Accordingly, mitigating human errors in driving is a challenge, and there is currently a growing trend in the proposal for technological solutions intended to integrate driver information into advanced driving systems to improve driver performance and ergonomics. The study of human factors in the field of driving is a multidisciplinary field in which several areas of knowledge converge, among which stand out psychology, physiology, instrumentation, signal treatment, machine learning, the integration of information and communication technologies (ICTs), and the design of human-machine communication interfaces.
The main objective of this thesis is to exploit knowledge related to the different facets of human factors in the field of driving. Specific objectives include identifying tasks related to driving, the detection of unfavorable cognitive states in the driver, such as stress, and, transversely, the proposal for an architecture for the integration and coordination of driver monitoring systems with other active safety systems. It should be noted that the specific objectives address the critical aspects in each of the issues to be addressed.

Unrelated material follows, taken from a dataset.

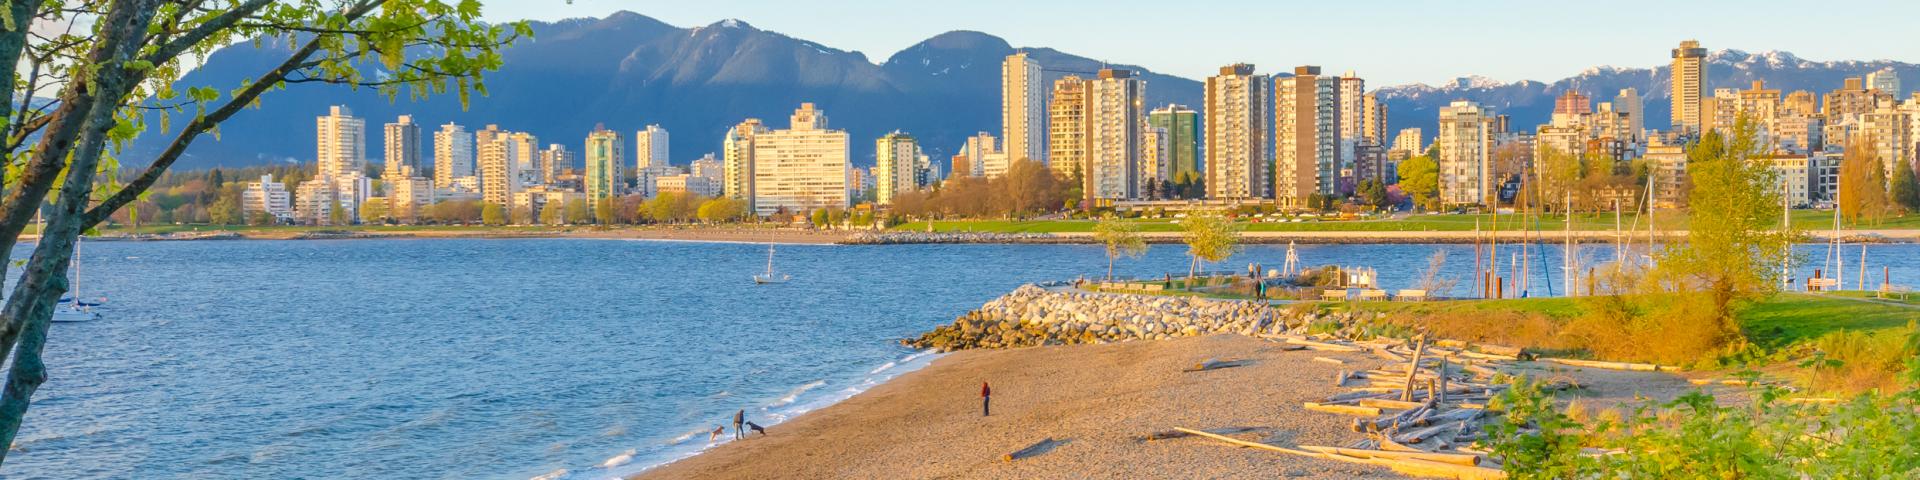 Best Beaches to Visit in Vancouver

Identifying driving-related tasks is one of the primary aspects of the conceptual framework of driver modeling. Identifying maneuvers that a driver performs requires training beforehand a model with examples of each maneuver to be identified. To this end, a methodology was established to form a data set in which a relationship is established between the handling of the driving controls (steering wheel, pedals, gear lever, and turn indicators) and a series of adequately identified maneuvers. This methodology consisted of designing different driving scenarios in a realistic driving simulator for each type of maneuver, including stop, overtaking, turns, and specific maneuvers such as U-turn and three-point turn.

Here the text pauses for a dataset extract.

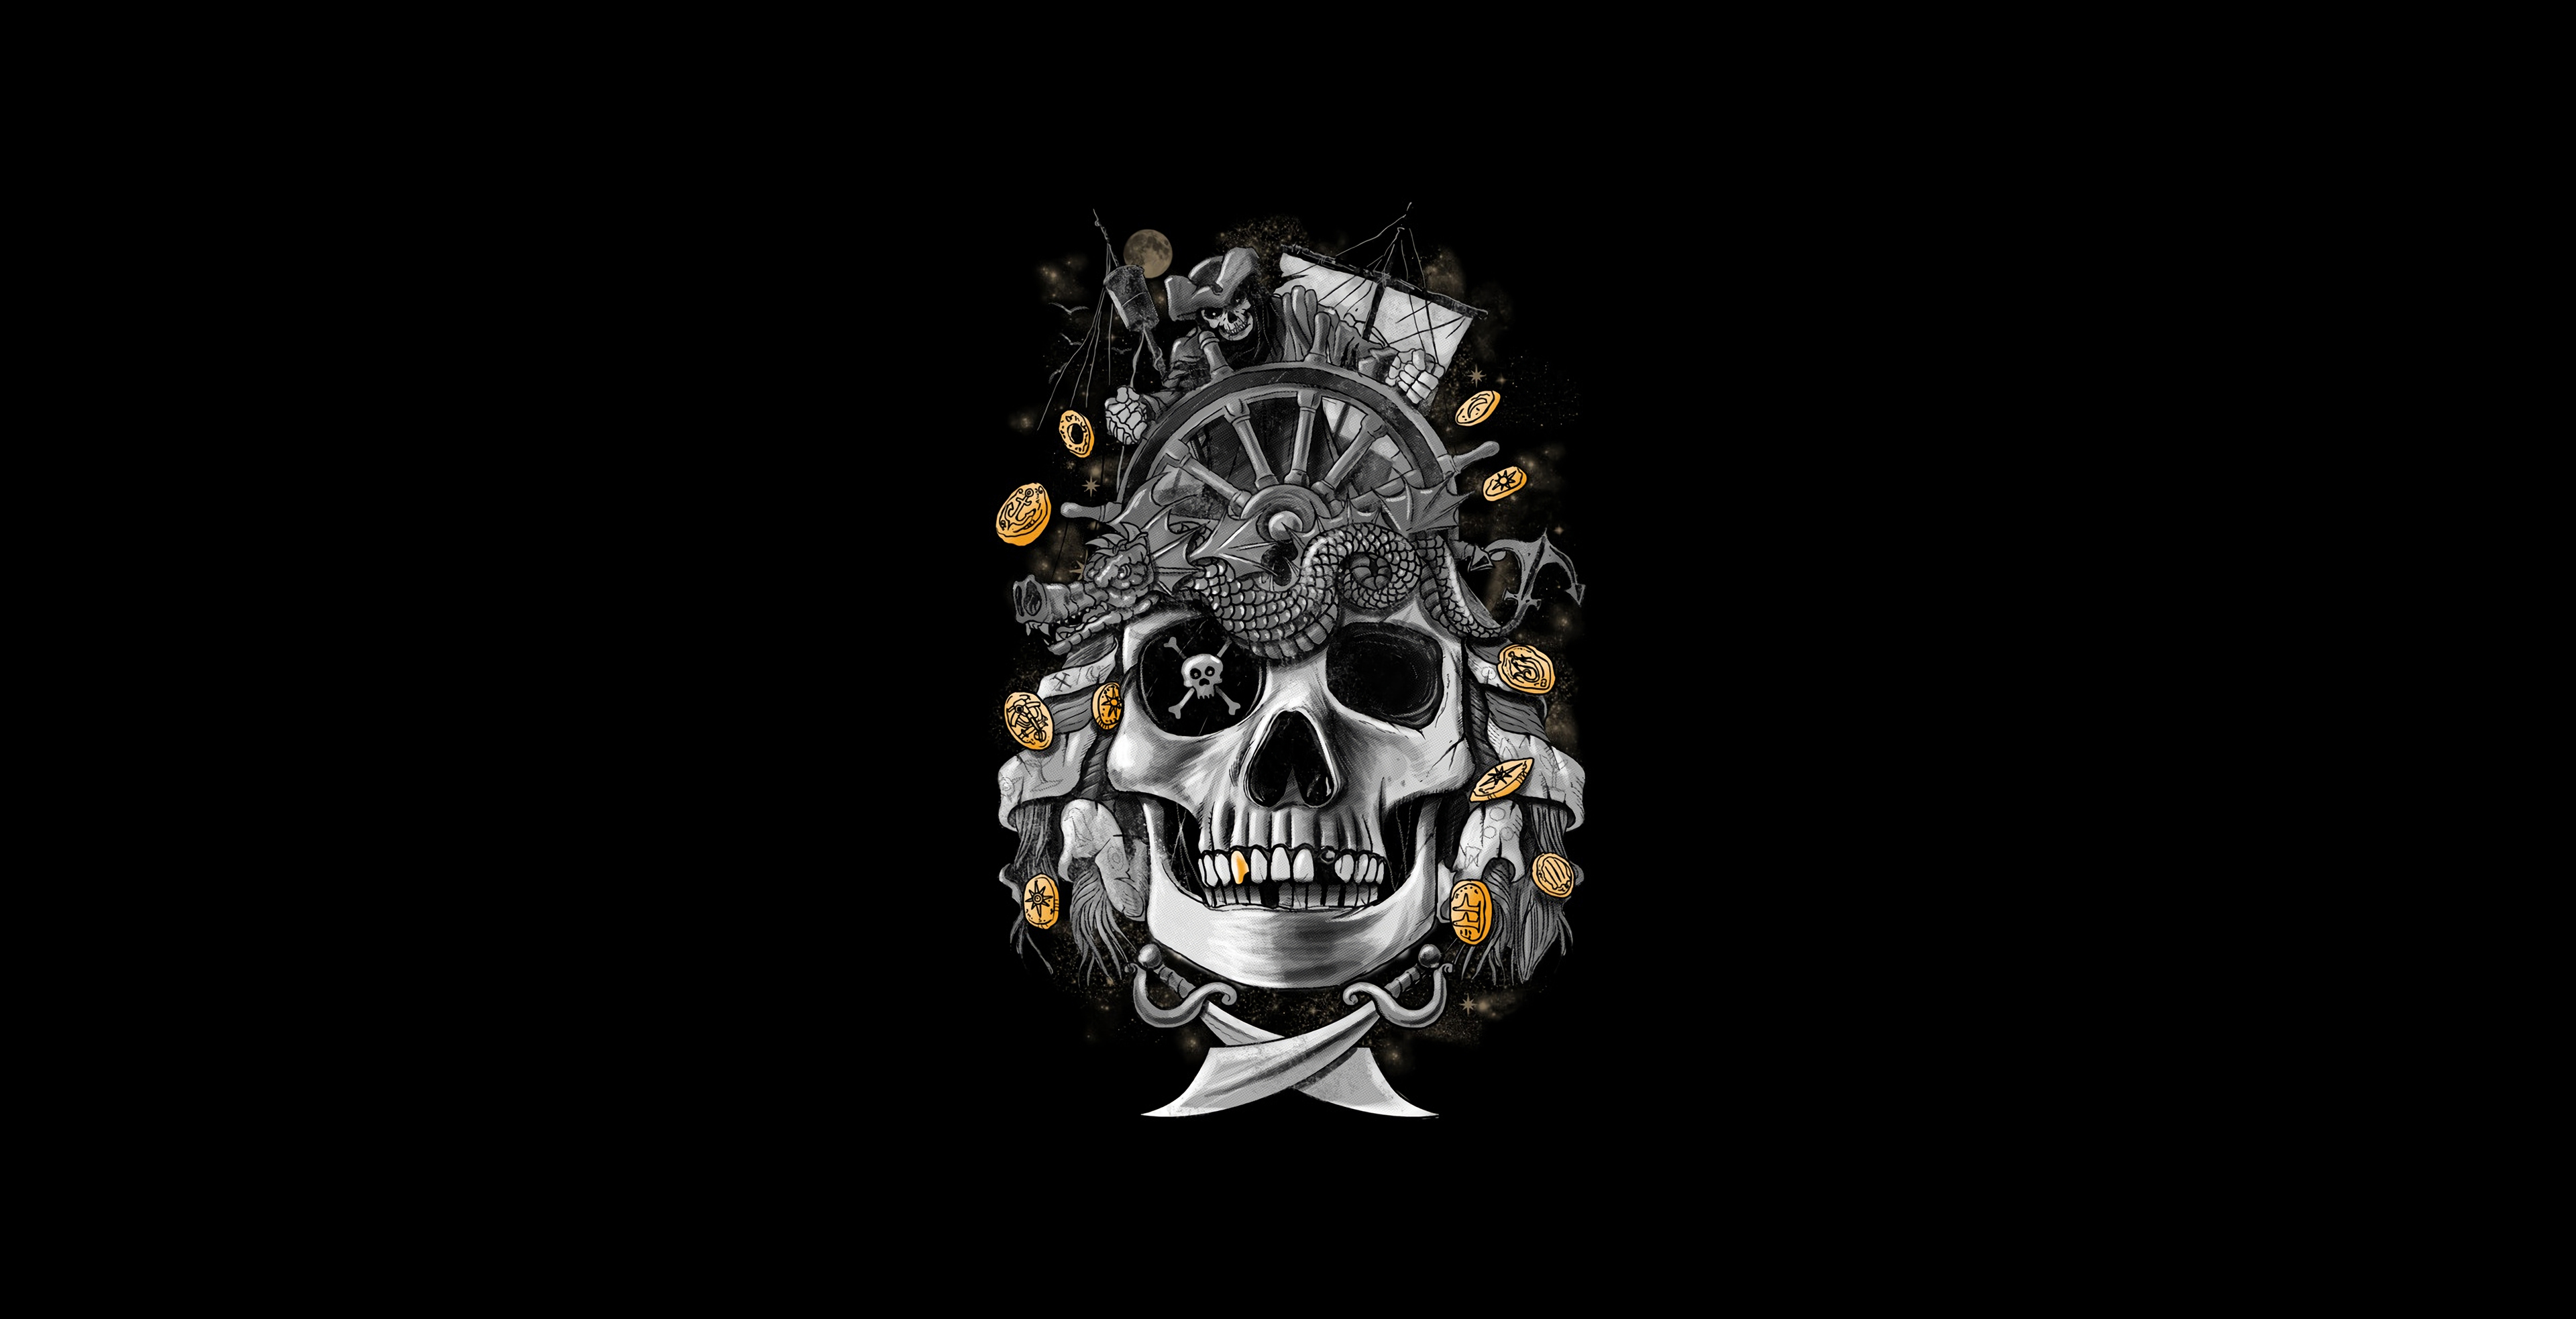 Dark gold skull k hd artist k wallpapers images backgrounds photos and pictures

From the perspective of detecting unfavorable cognitive states in the driver, stress can damage cognitive faculties, causing failures in the decision-making process. Physiological signals such as measurements derived from the heart rhythm or the change of electrical properties of the skin are reliable indicators when assessing whether a person is going through an episode of acute stress. However, the detection of stress patterns is still an open problem. Despite advances in sensor design for the non-invasive collection of physiological signals, certain factors prevent reaching models capable of detecting stress patterns in any subject. This thesis addresses two aspects of stress detection: the collection of physiological values during stress elicitation through laboratory techniques such as the Stroop effect and driving tests; and the detection of stress by designing a process flow based on unsupervised learning techniques, delving into the problems associated with the variability of intra- and inter-individual physiological measures that prevent the achievement of generalist models.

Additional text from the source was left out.